How can a school trial an AI tool without committing budget?
The most reliable route is to choose tools that offer a genuine free trial with no purchase order, no card, and no IT installation, so a teacher can test them within existing approval limits. This sidesteps the procurement and budget stages of the adoption journey entirely for the trial period. A single teacher or department can run a small pilot, gather evidence on real student work, and only escalate to a formal purchase if the results justify it. The DfE's own Assistive Technology lending library pilot reflects this try-before-you-buy direction of travel, lowering the cost of finding out whether a tool works before any money changes hands.

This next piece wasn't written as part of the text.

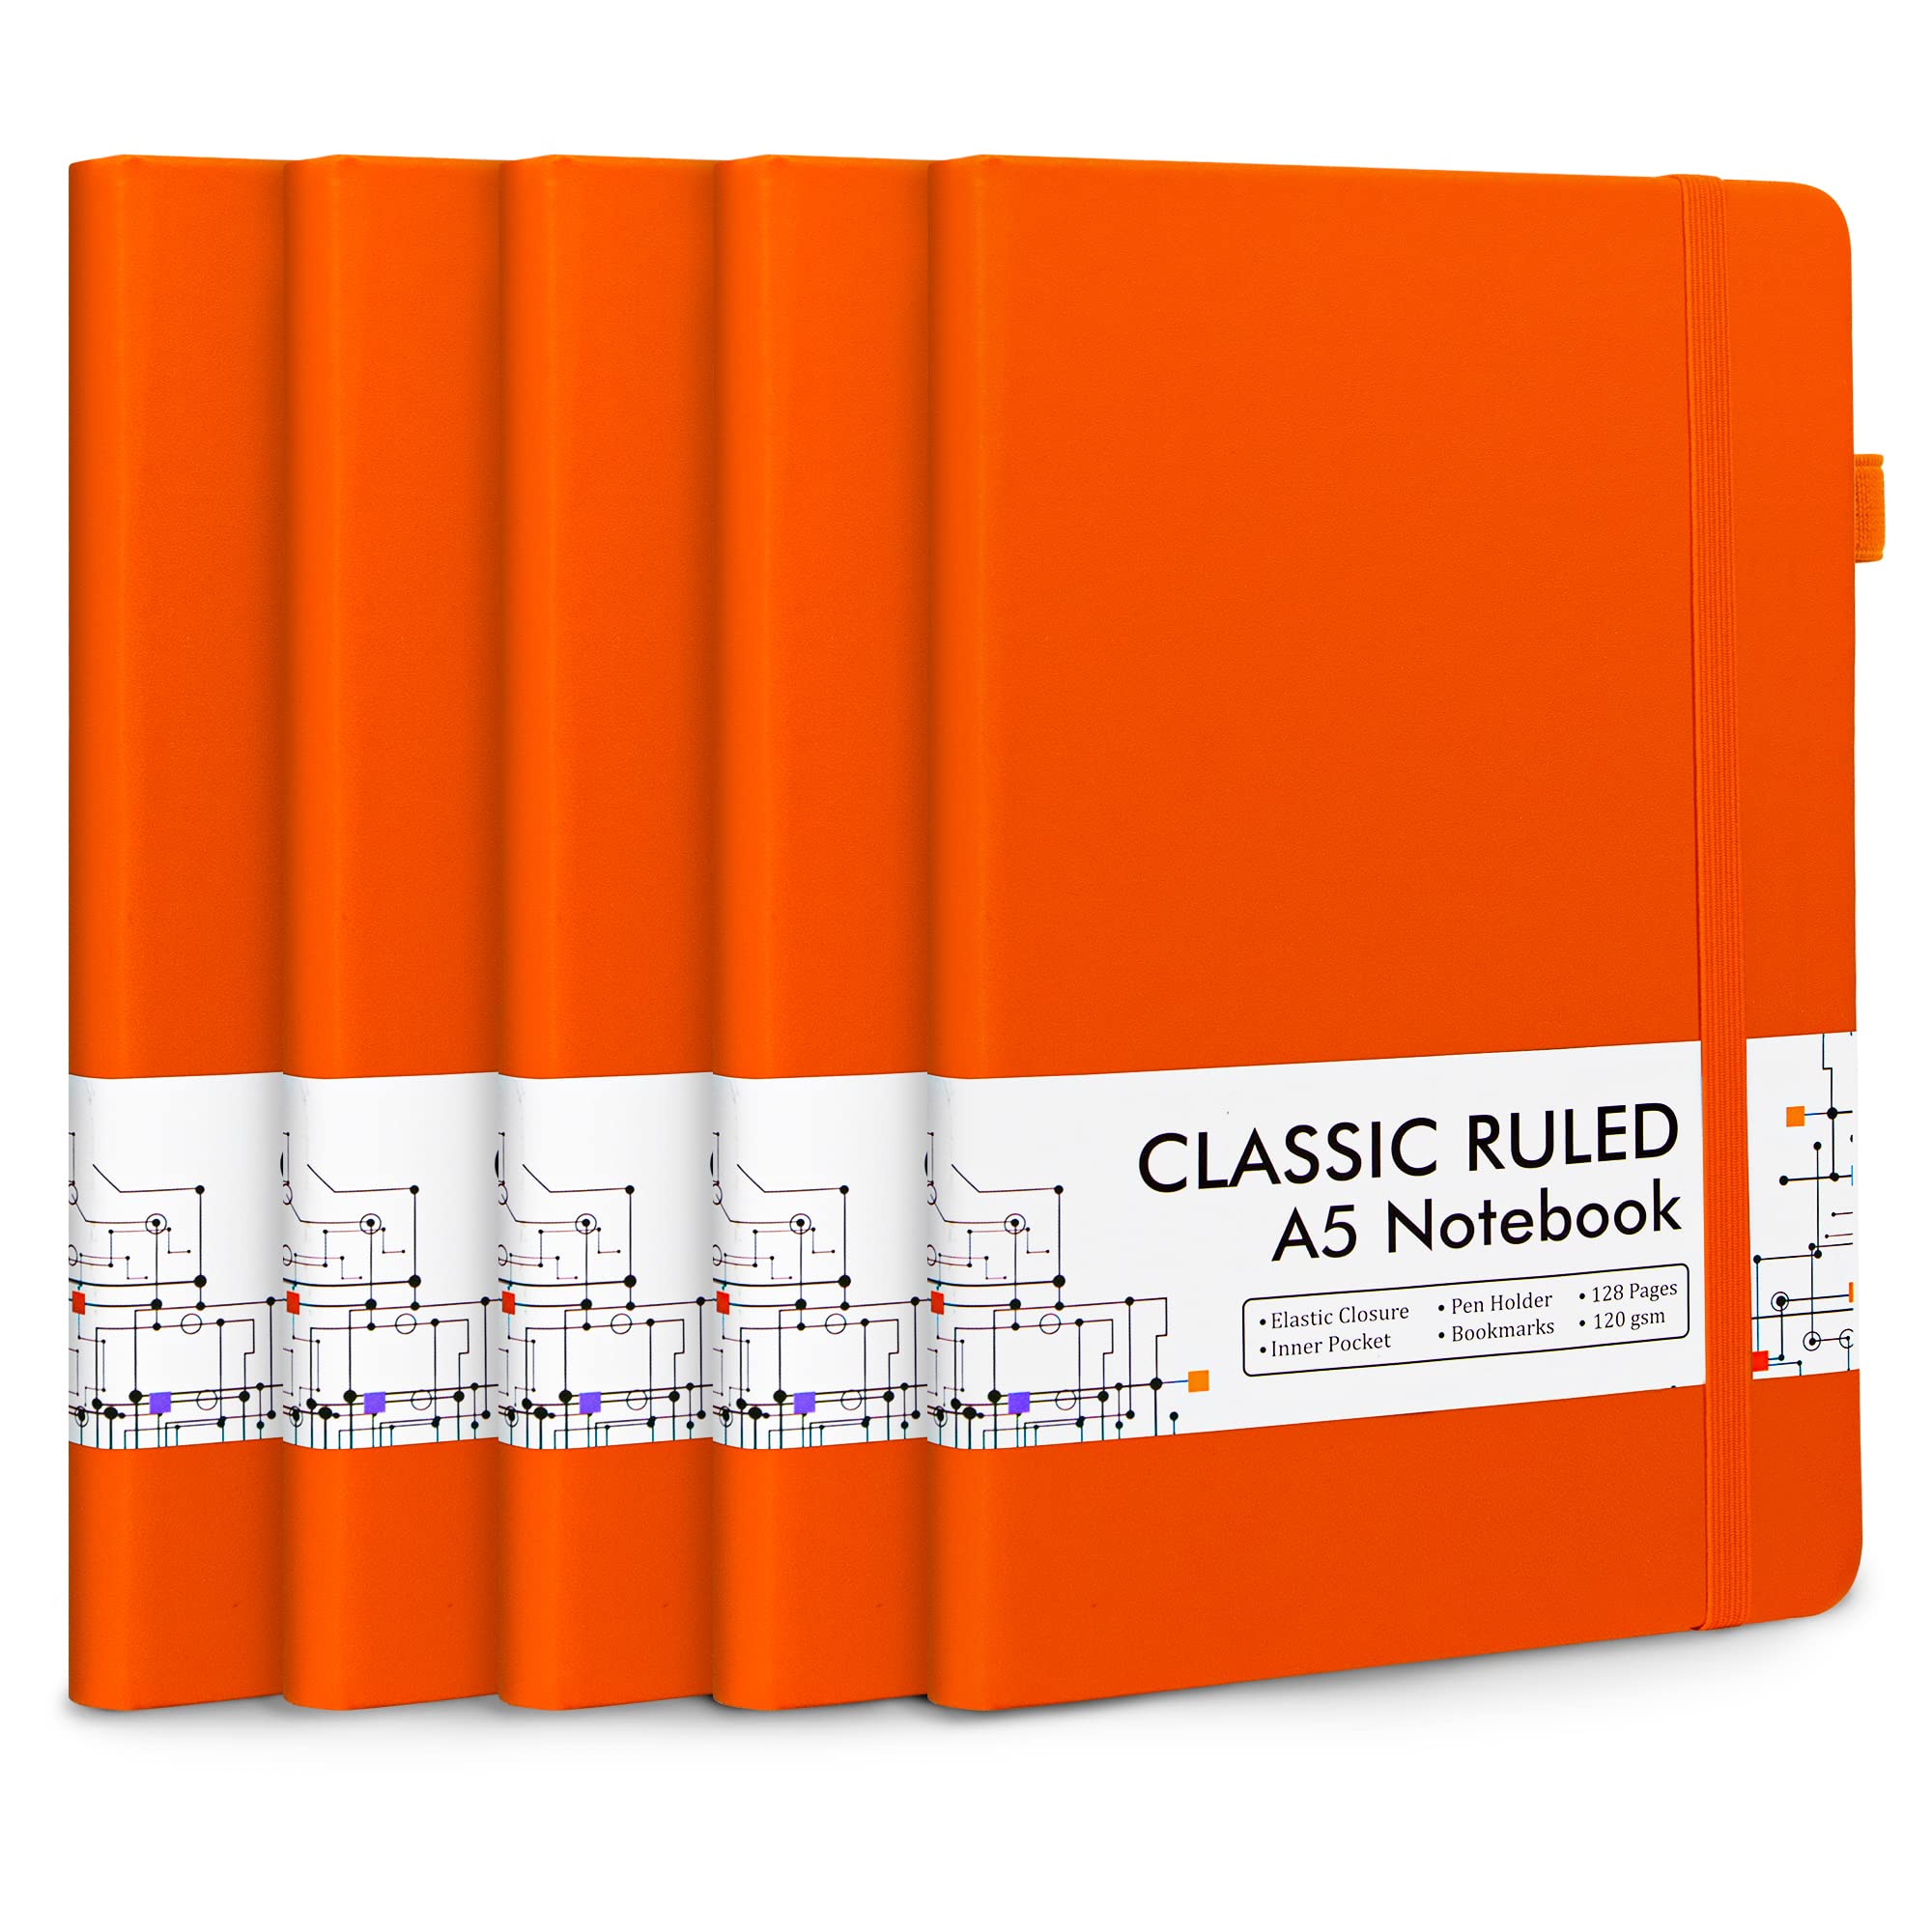 Feela 5 Pack Journal Notebook Bulk For School, Feela Hardcover Business Notebooks Classic Ruled Lined Journals With Pen Holder For Wor

What is the EdTech Testbed Programme?
The EdTech Testbed approach refers to government-backed evaluation initiatives that let schools trial education technology under structured conditions and feed evidence back to the sector, rather than every school evaluating in isolation. The aim is to reduce the reliance on informal, word-of-mouth evidence that the DfE identifies as a weakness in current procurement. The DfE's June 2026 report explicitly notes that reliable evidence on how EdTech is used in practice in schools and colleges remains limited, which is exactly the gap structured trials are designed to close. For an individual school, the practical takeaway is to favour tools that provide transparent, classroom-level evidence you can verify yourself.
What does the DfE recommend for evaluating new technology?
The DfE's June 2026 assessment does not issue a single checklist, but its analysis points clearly towards evaluating technology against the full adoption journey rather than the purchase decision alone — checking that a tool can be trialled cheaply, integrated without heavy IT work, embedded into routine practice, and measured for impact. It cautions against reliance on informal sources of evidence and highlights limited capacity for long-term planning as a core constraint. The report also flags that investment is shifting towards specialised AI solutions, which suggests leaders should weigh purpose-built tools against general-purpose ones. In short: trial it, integrate it, embed it, measure it — and demand evidence at each step.